* [INFORMATION PROVIDED]
● ● ●

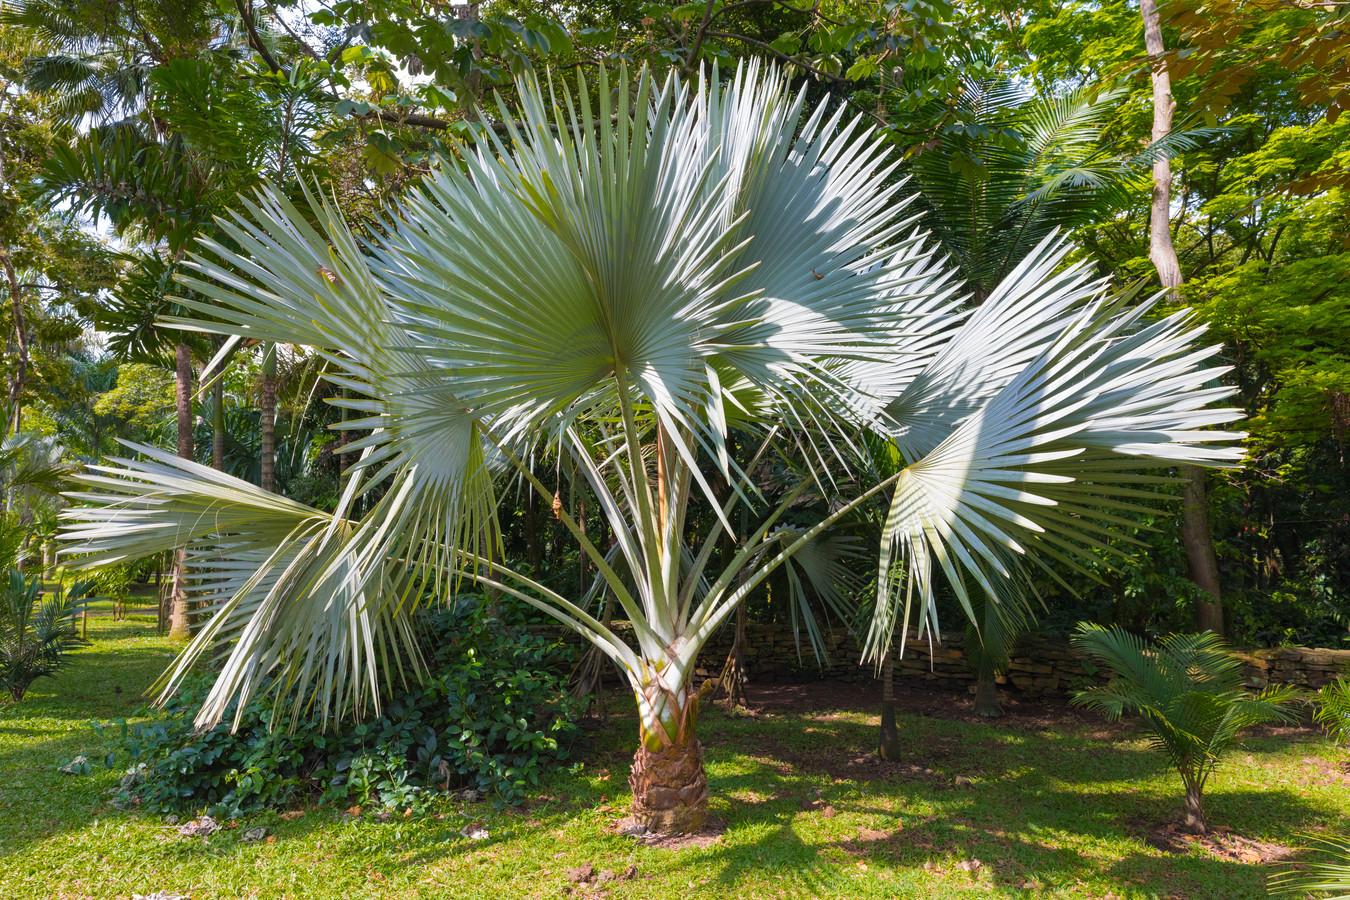 De Trachycarpus fortunei is het populairst in Nederland.
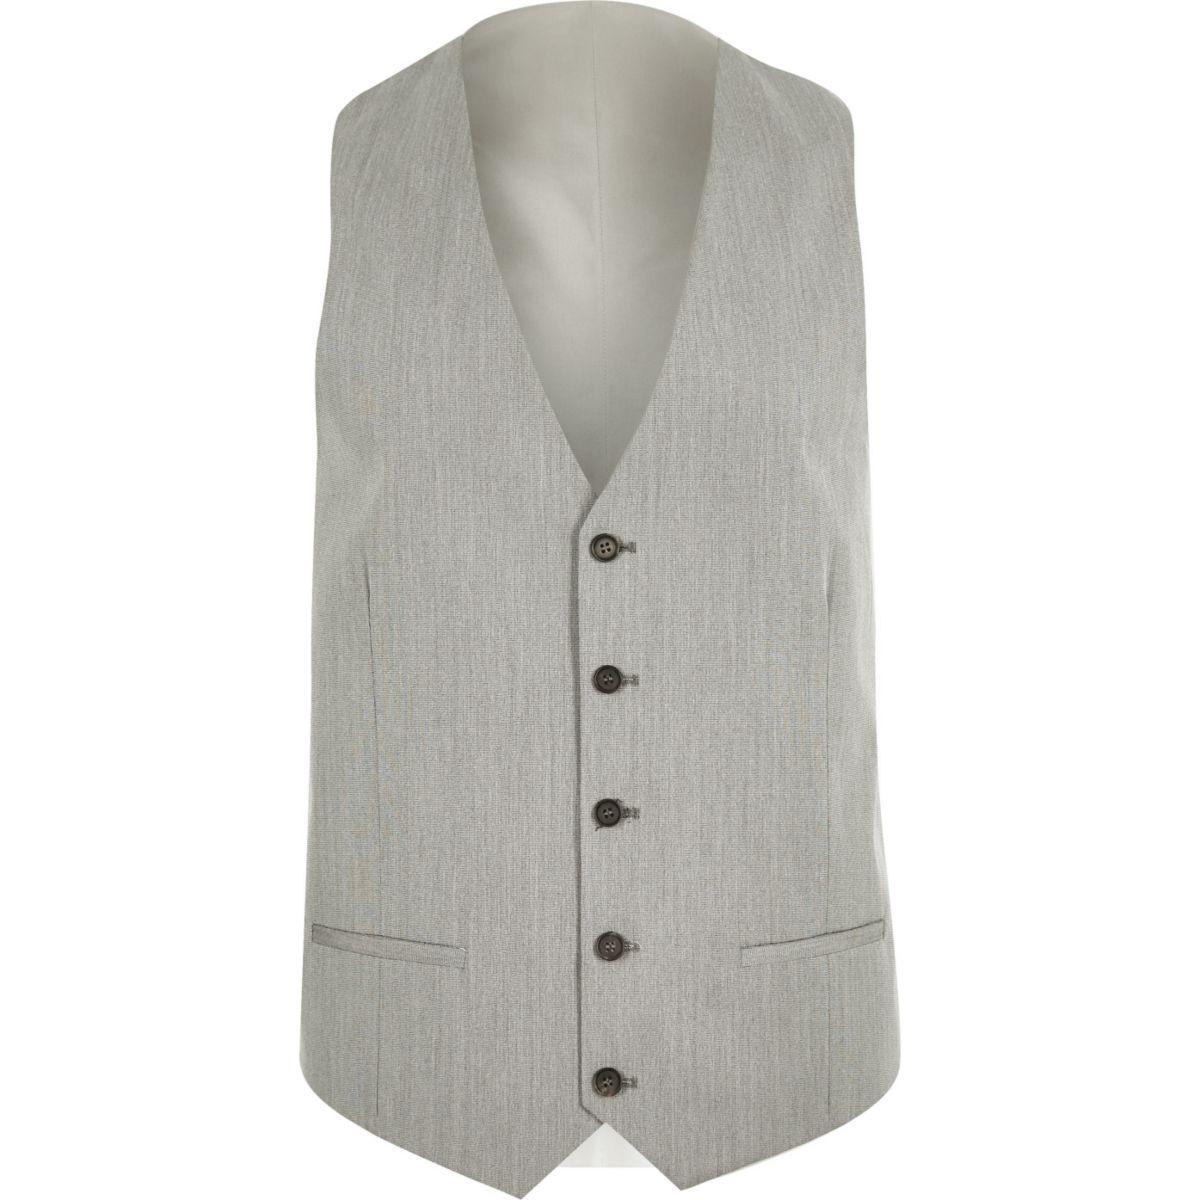 Grey slim suit vest
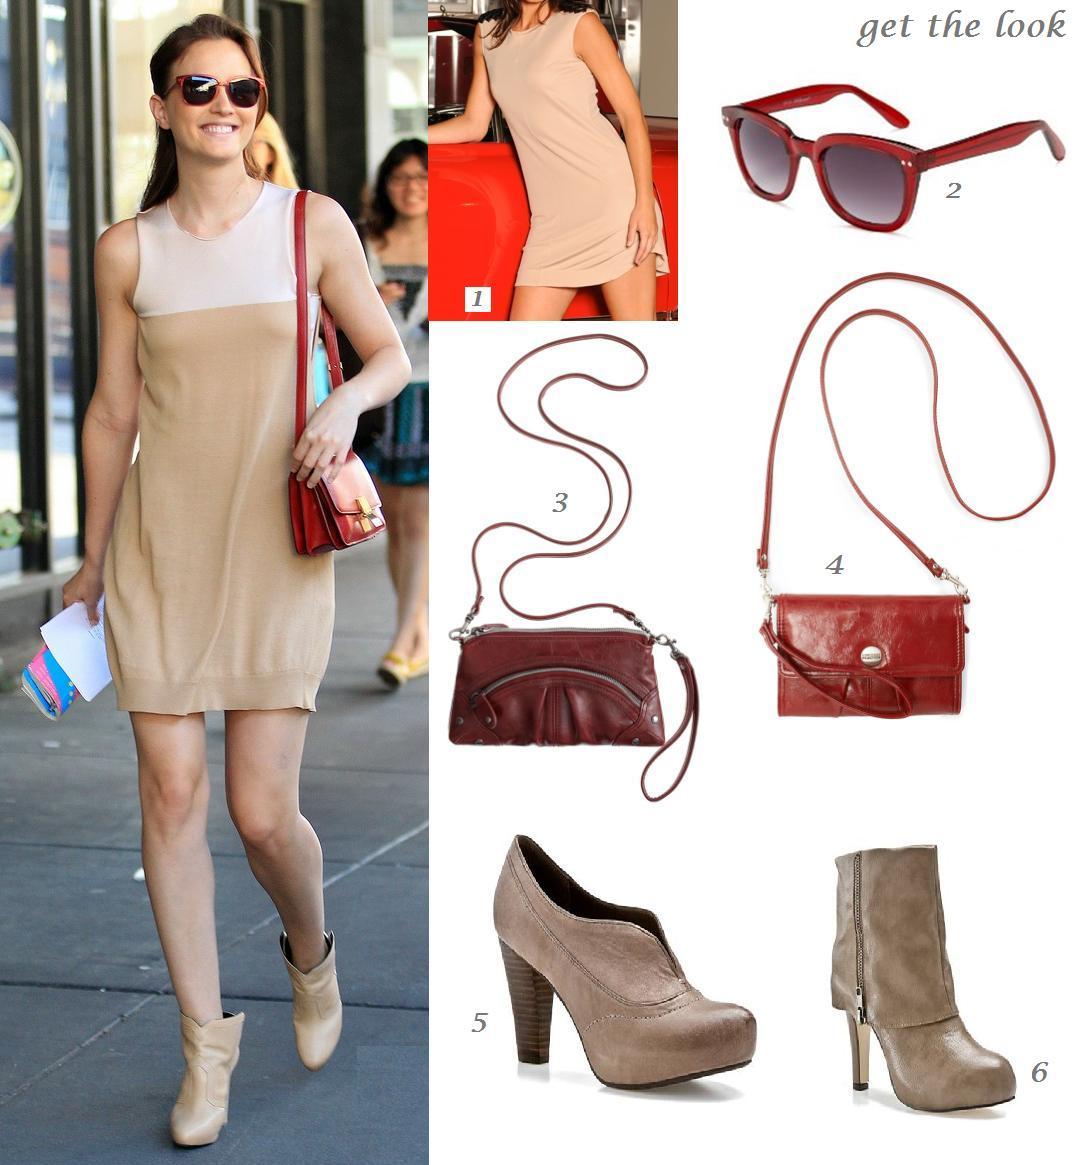 http://1.bp.blogspot.com/_u8fydAf_uGU/TI5Si4ANSBI/AAAAAAAACUo/zhMtr-QL84s/s1600/Leighton+Meester+Nude+Dress+Look.jpg

● ● ●

* [TASK DIRECTIONS] The result should be every line of the data, reproduced exactly, with the images removed.

* [TASK SOLUTION]
 De Trachycarpus fortunei is het populairst in Nederland.
 Grey slim suit vest
 http://1.bp.blogspot.com/_u8fydAf_uGU/TI5Si4ANSBI/AAAAAAAACUo/zhMtr-QL84s/s1600/Leighton+Meester+Nude+Dress+Look.jpg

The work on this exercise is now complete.